Abstract

Lemierre's syndrome is classically precipitated by oropharyngeal infections that progress to suppurative internal jugular vein thrombophlebitis via direct extension. Metastatic pneumonia from septic emboli is nearly universal and bacterial seeding frequently results in disseminated septic foci. Fusobacterium necrophorum is the most commonly reported etiologic agent, though methicillin-resistant Staphylococcus aureus (MRSA) is an emerging pathogen and a myriad of oropharyngeal flora must be covered until blood cultures return.
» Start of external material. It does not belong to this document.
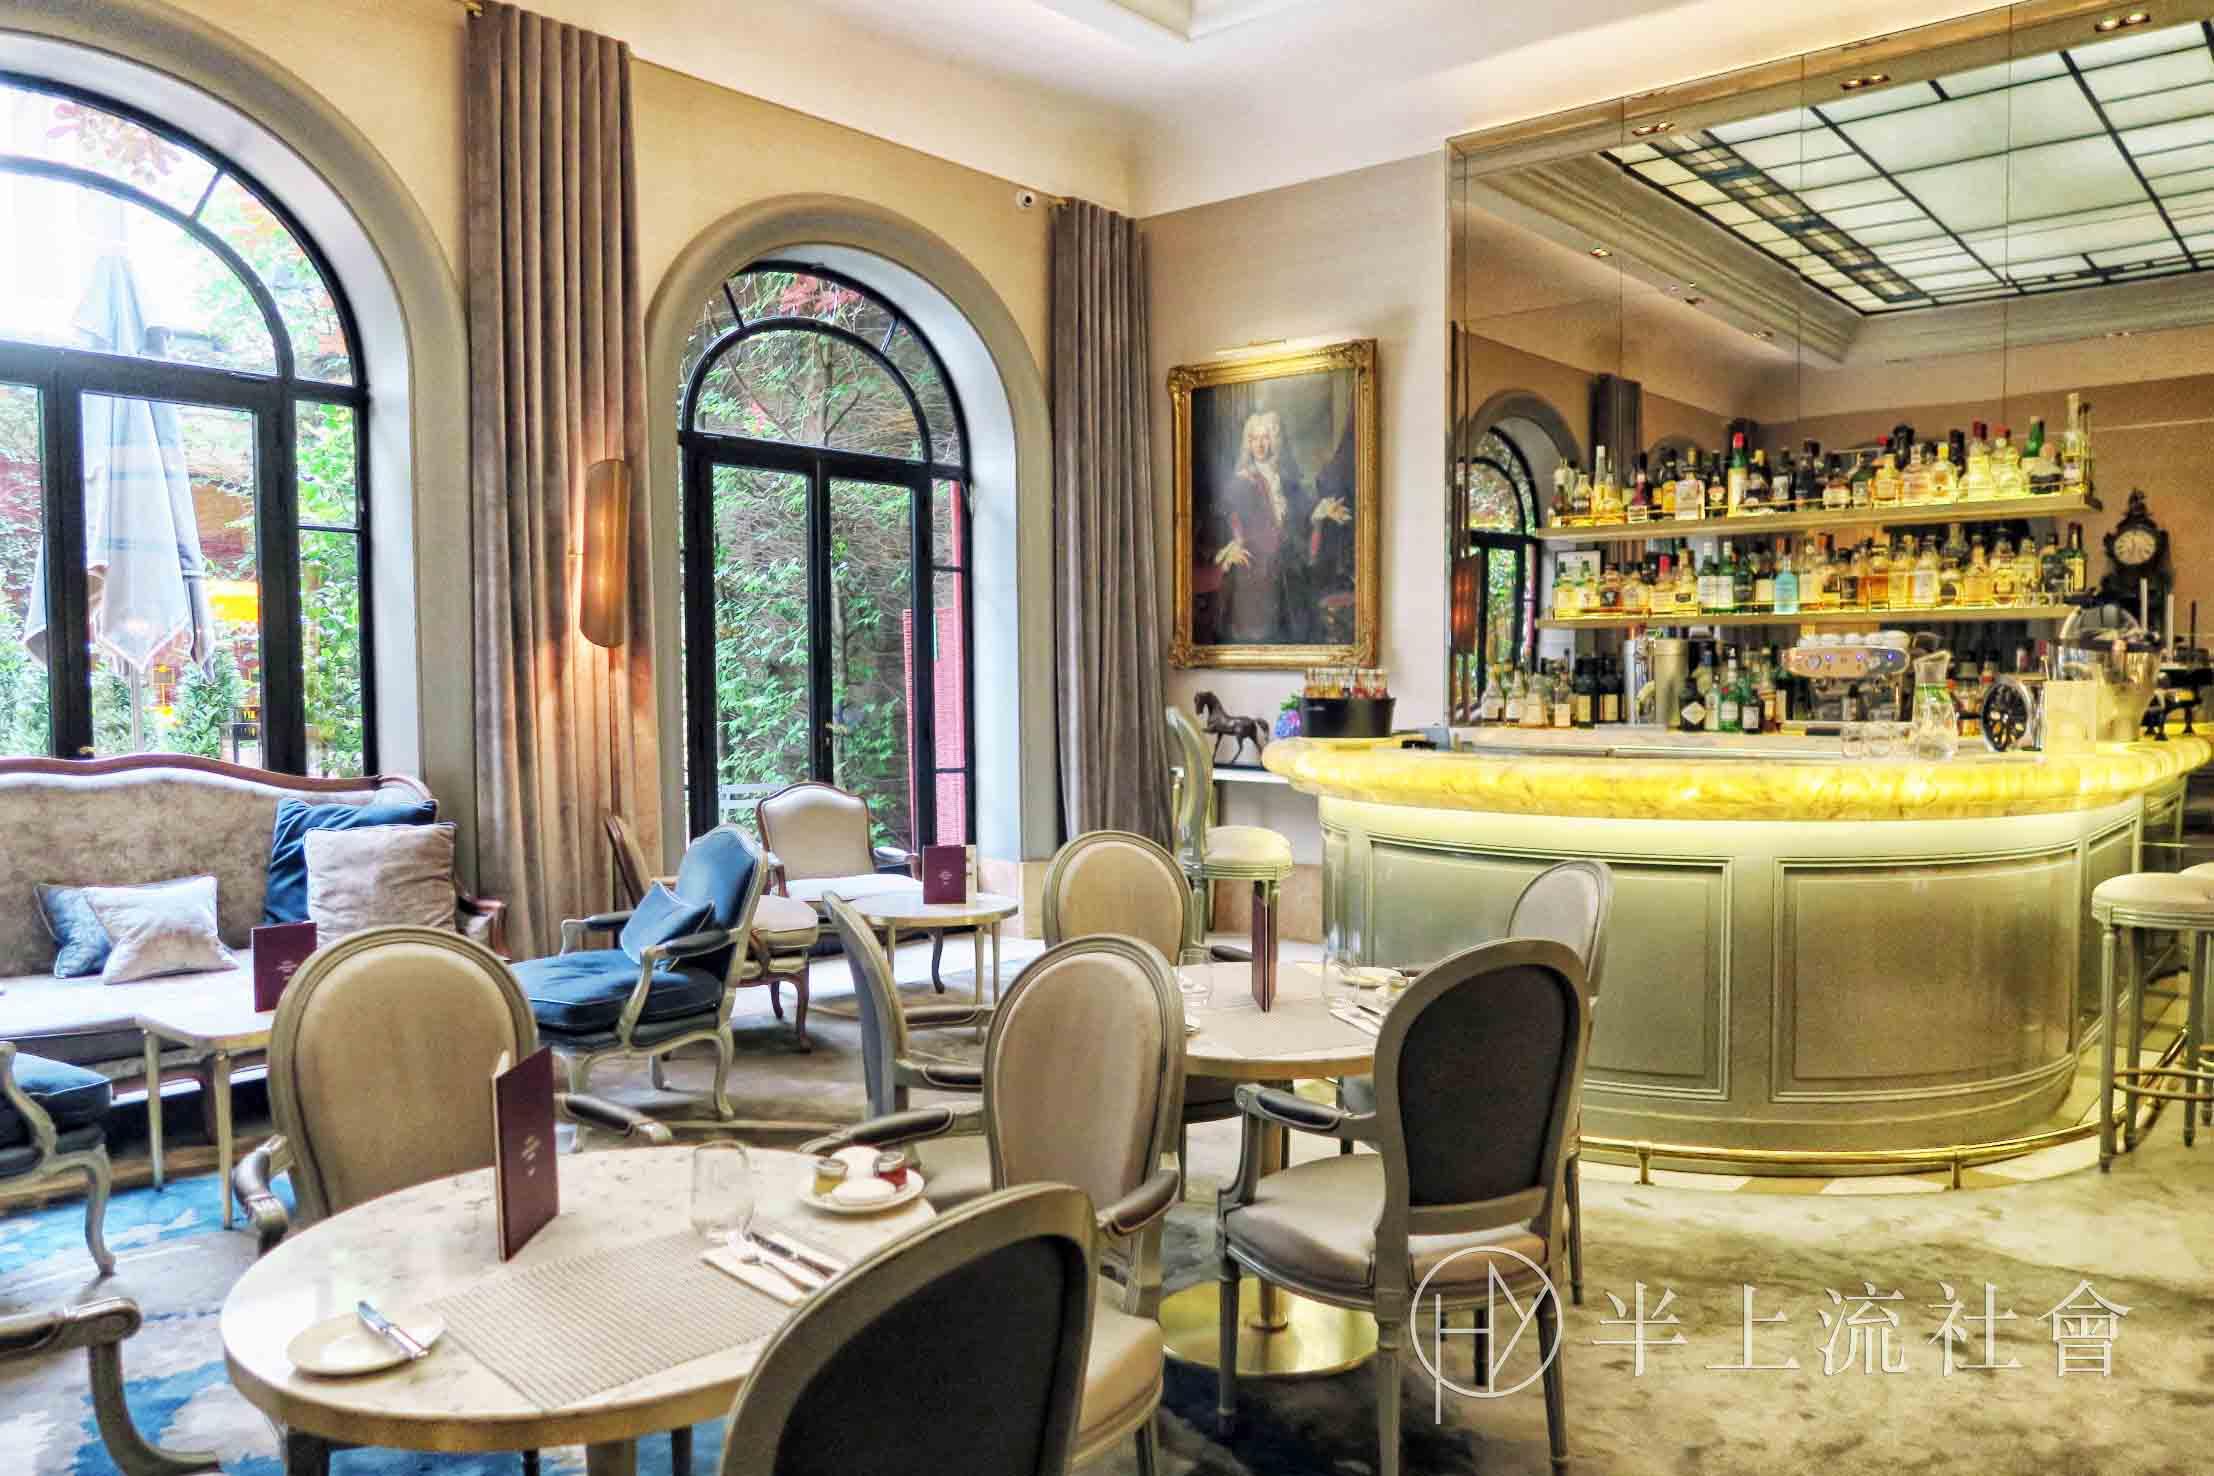 Fine Dining 完全指南:美食家詞彙教學,從法國角度談精緻餐飲內涵價值,Bistronomy、Fusion、Haute gastronomie 差異

Prompt identification is paramount to minimizing morbidity. Empiric treatment with antibiotics exhibiting predominantly anaerobic activity has been standard, but now may be insufficient, given an evolving microbial landscape. Anticoagulation continues to be debated. We describe an uncommon presentation of Lemierre's syndrome in a diabetic patient secondary to MRSA, where the only identifiable source of entry was atraumatic post-auricular cellulitis. Why Should an Emergency Physician Be Aware of This? Given the evolving landscape of organisms implicated in septic internal jugular thrombophlebitis, empiric treatment should entail consideration of MRSA. Patients at an elevated risk include those who are undomiciled or incarcerated, injection drug users, human immunodeficiency virus-positive, and have recently been hospitalized or completed a course of antibiotics. The existing evidence evaluating empiric anticoagulation is low-powered and retrospective and would benefit from randomized controlled trials. Although it does not appear valuable for most, those with thrombus extension, persistentbacteremia, or central venous thrombosis may benefit.